School can help undo the damage. Actual personal experience with children of other groups can show a child directly, immediately and concretely that not all members of a group are blameworthy, stupid, dirty or dishonest. In addition, unprejudiced teachers can instruct children in the ways of clear thinking that underlie tolerance. There is definite evidence that education reduces prejudices. It’s been found, for example, that college graduates are less prejudiced on the whole than people with less education. Direct instruction -about different groups and Cultures, another Study shows, reduced prejudice in those who were taught.

Fortunately, we seem today to be making progress in the direction of less prejudiced belief and behaviour. Today, parents treat children with greater respect for them as individuals - in short, with less prejudice. This will continue to exert a healthy influence on the next generation. In fact, one survey has shown that t already has College students of our generation, it demonstrates, are less prejudiced than college students of the last generation. But since, prejudice against members of a minority group or the peoples of other countries is a luxury we can increasingly ill afford - no parent should relax his vigilance in guarding against sowing the seeds of intolerance.

3. Write a single paragraph, in about 200 words, on one of the following topics :  10
(a) Man spoils mattes much more by speech than by silence
(b) When all think alike no one thinks very much.
(c) A traffic jam.
(d) Scene in an examination hall before the beginning of the examination.

4. Use the following words in sentences so as to bring their meaning clearly. Do not change the form of the word. No mark will be given for a vague or ambiguous sentence: 10
(a) potential
(b) legacy
(c) interpret
(d) elaborate
(e) environments

5. Supply the correct forms of verbs given in parentheses in the following passage. Please write correct verb forms in your answer book against numbers given in parentheses; do not reproduce the entire passage: 10
Albert Camus, an Algerian writer who (i die) some time age, (ii note), for his symbols of the absurd hero. When he (iii write). Camus (iv draw) upon mythology, history, fiction, and drama in order (v illustrate) his absurdism. Camus (vi choose) Sisyphus as the absurd hero in classic form. According to legend, Sisyphys (vii accuse) by the gods of (viii steal) their secrets. The gods condemned him to an eternity of (ix push) a rock to the top of a bill and (x see) it roll down the slope again.

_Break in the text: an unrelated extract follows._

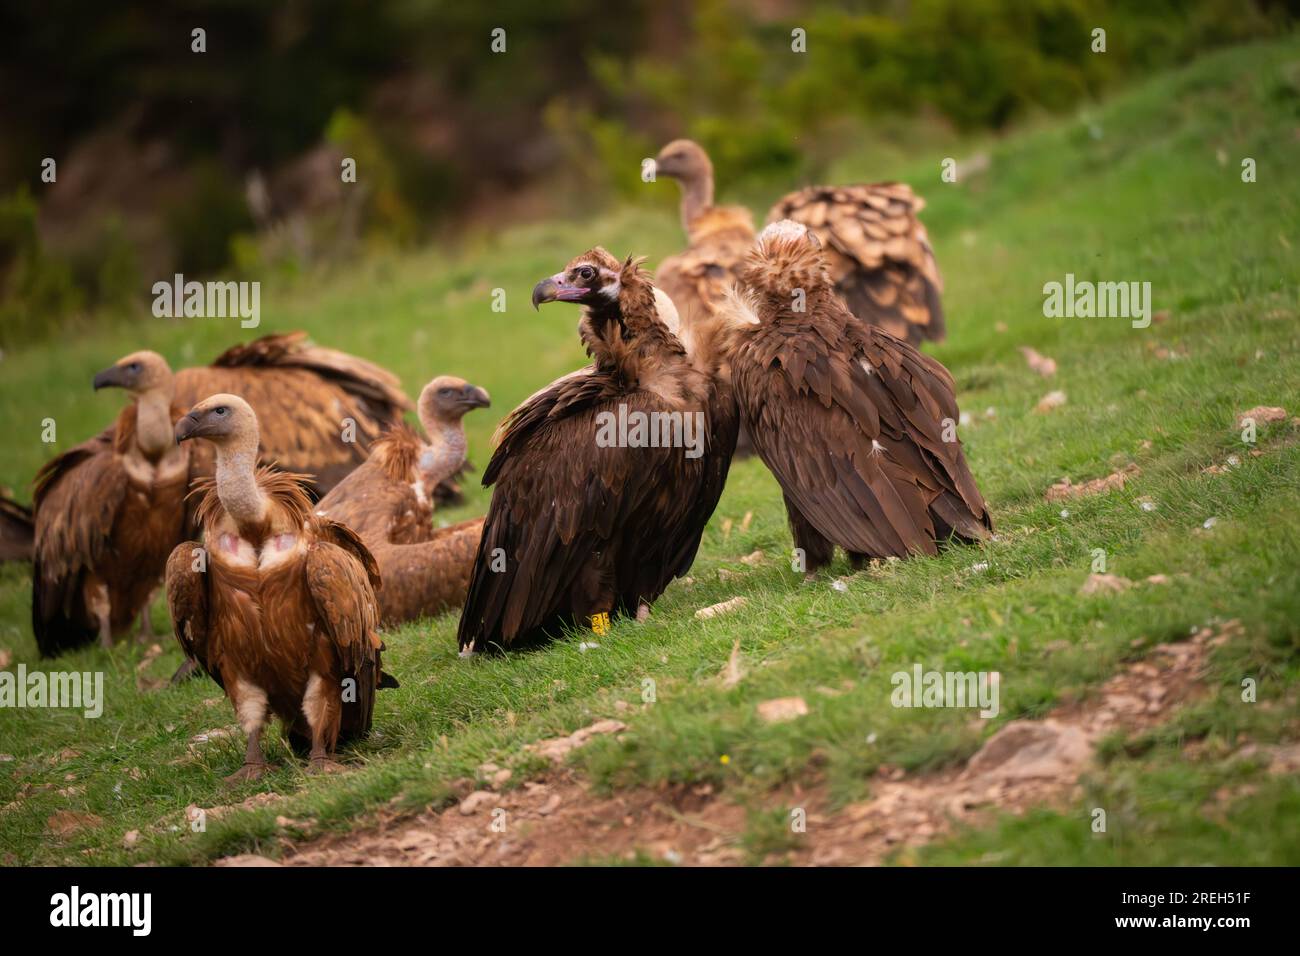 The cinereous vulture (Aegypius monachus) AKA Eurasian black vulture one of the worlds' largest flying birds, contending for the title with the Andean Stock Photo

6. Correct the following sentences without changing their meaning. Please do not make unnecessary changes in the sentences: 10
(a) I am believing what you tell me.
(b) I like Rita because she is too helpful.
(c) What a fine weather.
(d) Coffee keeps person awake.
(e) I want you and she to help me.
(f) Hardly he had left the house when the storm broke.
(g) He was very too much happy to know that he had won a lottery.
(h) They demanded that the manager is dismissed.
(i) “Didn’t you meet Kailash?” “Yest, l didn’t.”
(j) The party comprises of Dinesh, Ramesh and Mohan.